Ya quisiera que la razón de sus ojeras fuera que la noche anterior se había escapado como los demás de séptimo a Hogsmeade al 'night club' de moda. Pero no, no era nada de eso. Se trataba más bien de un exceso de responsabilidades. Había pasado la noche anterior escribiendo como una posesa para llenar los dos metros de deberes de Transformaciones, y eso más lo aburrido de la dichosa reunión podían más que ella.
Ese era el lado negativo de ser Prefecta y además Premio Anual: tenía más obligaciones de las que podía manejar, los deberes se le acumulaban y su vida social estaba completamente arruinada.
Apenas habían pasado dos semanas desde el regreso a Hogwarts y ya se le había complicado la existencia como hasta final de curso. A este paso estaría copiando apuntes hasta el día de la graduación, o quizás ni tendría tiempo de asistir a la graduación porque estaría demasiado ocupada resolviendo los tontos problemas de todo el mundo, cosas como cuadrar que las pruebas para los aspirantes a entrar a los equipos de Quidditch no coincidieran, que el aula Encantamientos no fuera usada como el motel de turno (y tanto que le había costado lograr que las parejitas dejaran de hacer sus 'indecencias' en la torre de Astronomía!), que los estudiantes no estuvieran en los pasillos después de las 10...

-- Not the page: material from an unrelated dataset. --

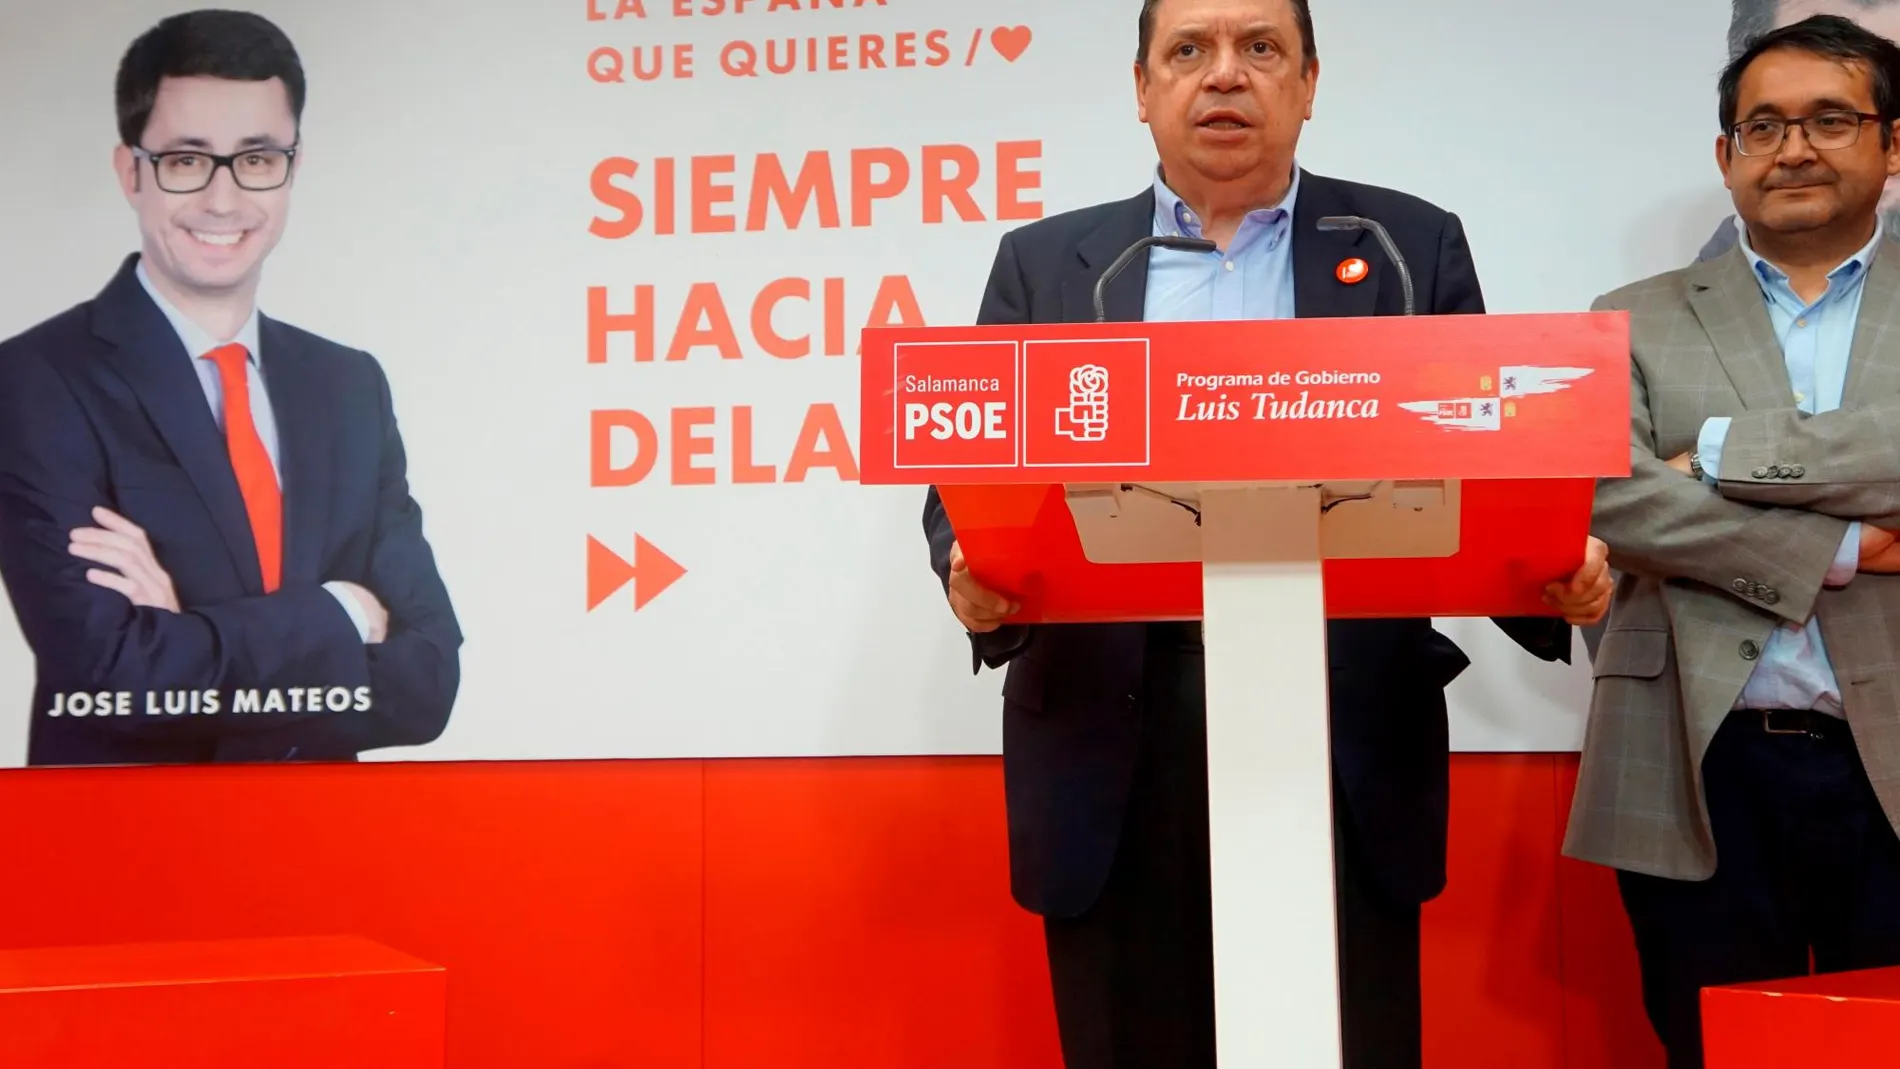 El ministro de Agricultura, Luis Planas, participa en un acto electoral celebrado en Salamanca. EFE/J.M.GARCÍA

Si, lo más probable es que estaría escuchando incoherencias y resolviéndolas hasta finales de Junio, sobretodo con la tremenda ayuda que tenía para aguantarse su último año en el Colegio de Magia: James Potter y el ego de James Potter.
¿De quién había sido la grandiosa idea de ponerlo a él, justamente a él, como Premio Anual?
Emitió otro suspiro de profunda exasperación a la mención (así fuera mental) de ese... ese... ese. ¡Por Merlín!
¿Tenía tanto sueño que no podía ni pensar en un insulto para Potter?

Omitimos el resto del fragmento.